SWAZILAND: No easy fixes for world's highest infection rate
Photo: James Hall/PlusNews
Two-thirds of Swaziland's people live in chronic poverty
Mbabane, 15 September 2009 (PlusNews) - Average life expectancy in Swaziland has plummeted from around 60 years in the 1990s to just over 30 years today. Few would deny that HIV/AIDS is largely to blame, but the reasons why the epidemic has devastated this tiny, southern African country more than any other are less clear.
"Foreign observers look at Swaziland and can't figure out why the numbers [of HIV infections] remain so high," said Harriet Kunene, of The AIDS Support Centre in the central commercial town, Manzini. "There are many factors, and they also explain why the problem is a long-term dilemma that doesn't lend itself to short-term or easy fixes."
Epidemiologists and those working at the coalface of the epidemic cite various historic and socio-economic factors that have combined in Swaziland to create ideal conditions for the spread of the virus.
A well-documented disdain of condom usage – one UN report found that 60 percent of Swazi men refuse to wear them – is one explanation for why 42 percent of pregnant women tested HIV positive in a 2008 antenatal survey.
"Many women tell us, even if their men begin by using a condom, by the end of the act it has slipped off or been removed, and they have no power to insist," said Pholile Dlamini, who runs the Manzini office of the Alliance of Mayors Initiative for Community Action on AIDS at the Local Level (AMICAALL).
But other factors have also contributed to the grip HIV has on this country of less than one million people. "Swaziland is so small [just 17,363 sq km] it is easier for the virus to spread," said Rudolph Maziya, AMICAALL's national director.
"If a party is thrown in Johannesburg, a South African in Cape Town is not likely to attend. But when you have a party in Manzini, people from the farthest corners of the country show up; the social-sexual networks have always existed in Swaziland, and they made the spread of HIV easier."
In 1993 Maziya worked on a report that accurately predicted the trend AIDS would take in the next decade. "It was rejected by parliament, and many health officials condemned it as alarmist. Meanwhile, HIV spread because no one could see it. With Ebola [haemorrhagic fever] or swine flu, symptoms are immediate; people don masks. With HIV, symptoms may take years to appear."

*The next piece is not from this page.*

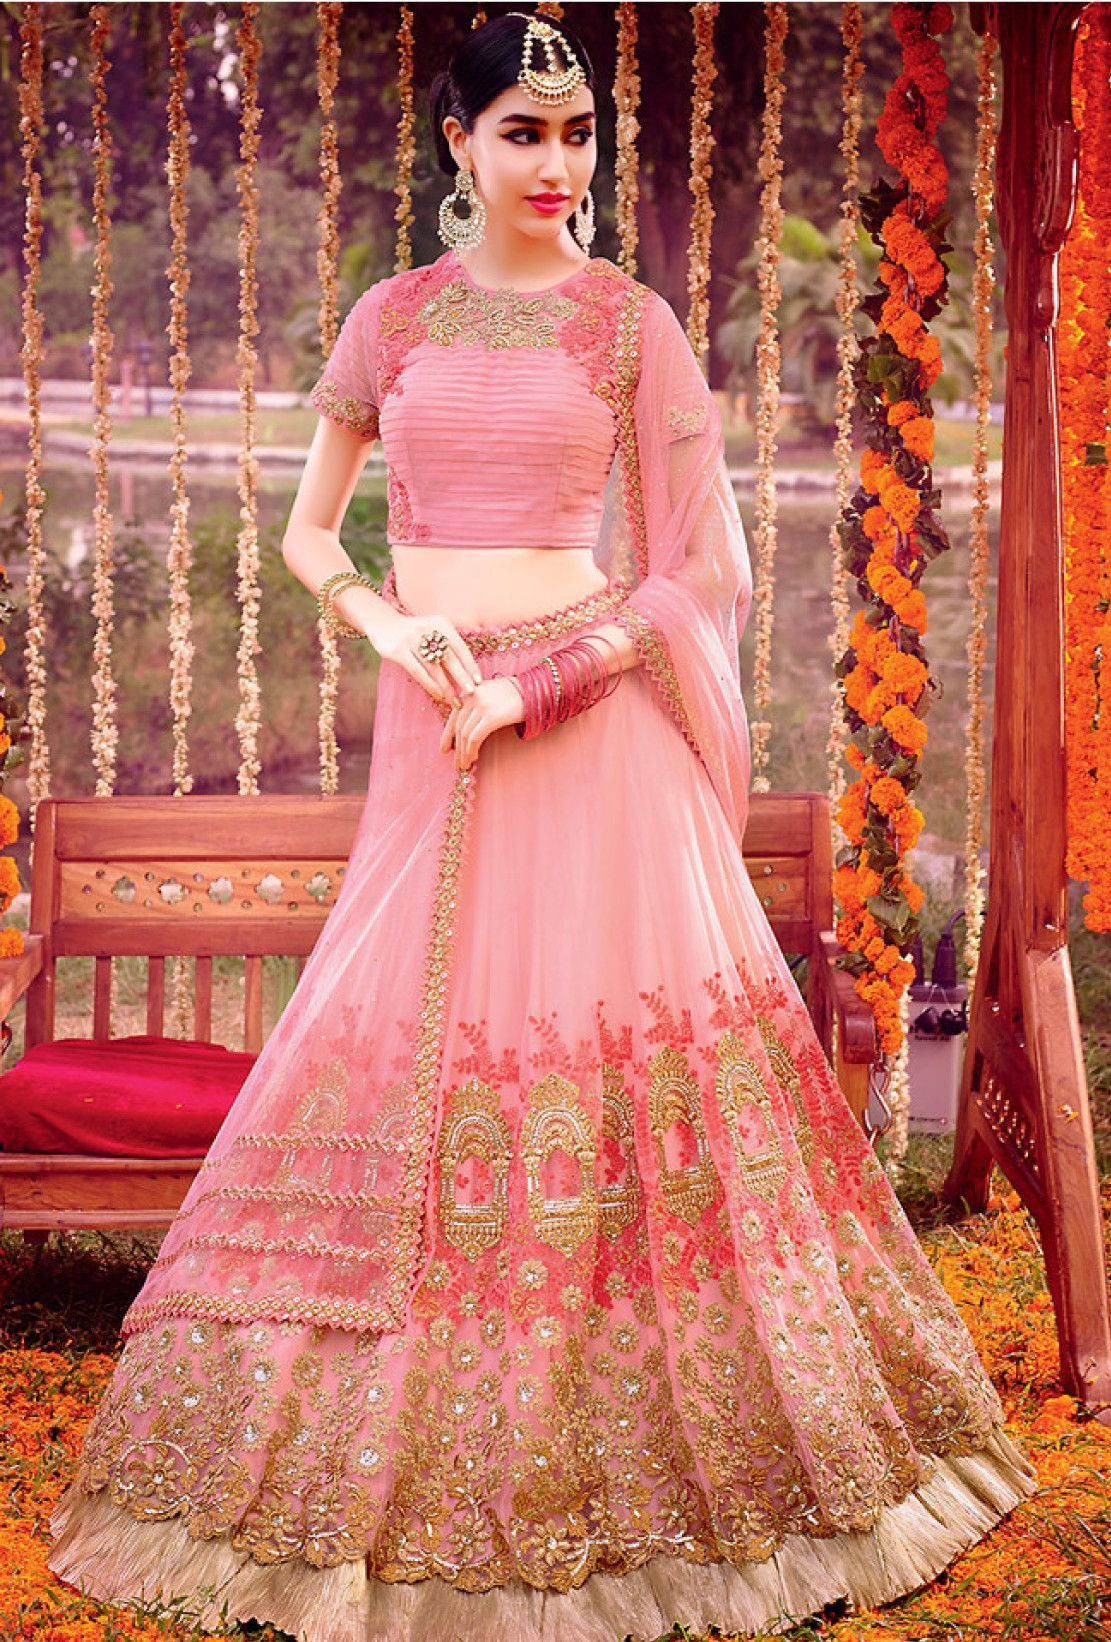 Pink designer party wear lehengha - Desi Royale - 1 | d | Pinterest ...

Faith Dlamini, programme officer at the National Emergency Response Council on HIV and AIDS (NERCHA), which disburses government and donor funds to local AIDS organizations, pointed out that seasonal migration of workers was another driver of infection. "It is why AIDS is so high in the sugar belt, where there are many seasonal workers who leave their homes for months at a time - they find accommodation where they can, and also find lovers."
Pholile Dlamini agreed. "Women tell us they just accept that their husbands have girlfriends when they are away, and there is nothing they can do about it except try to protect themselves when their husbands are at home. But they are not entirely successful - condoms are distributed free everywhere; people take them, but they don't use them."
With unemployment estimates ranging from 25 percent to 40 percent, and "underemployment" widespread among those who have jobs, Faith Dlamini said poverty was also driving the spread of HIV. "We are tracking women workers in the industrial areas. They are paid low wages and may have to turn to other methods to survive."
Engaging in sexual relationships with older men is one form of survival that carries a high HIV risk for young women, but polygamy is legal in Swaziland and many middle-aged and elderly men marry teenage girls as second or third wives. "For girls it may be the only way out of poverty, or to acquire cash, a cell phone, clothes and other luxuries they see in the media," Pholile Dlamini commented.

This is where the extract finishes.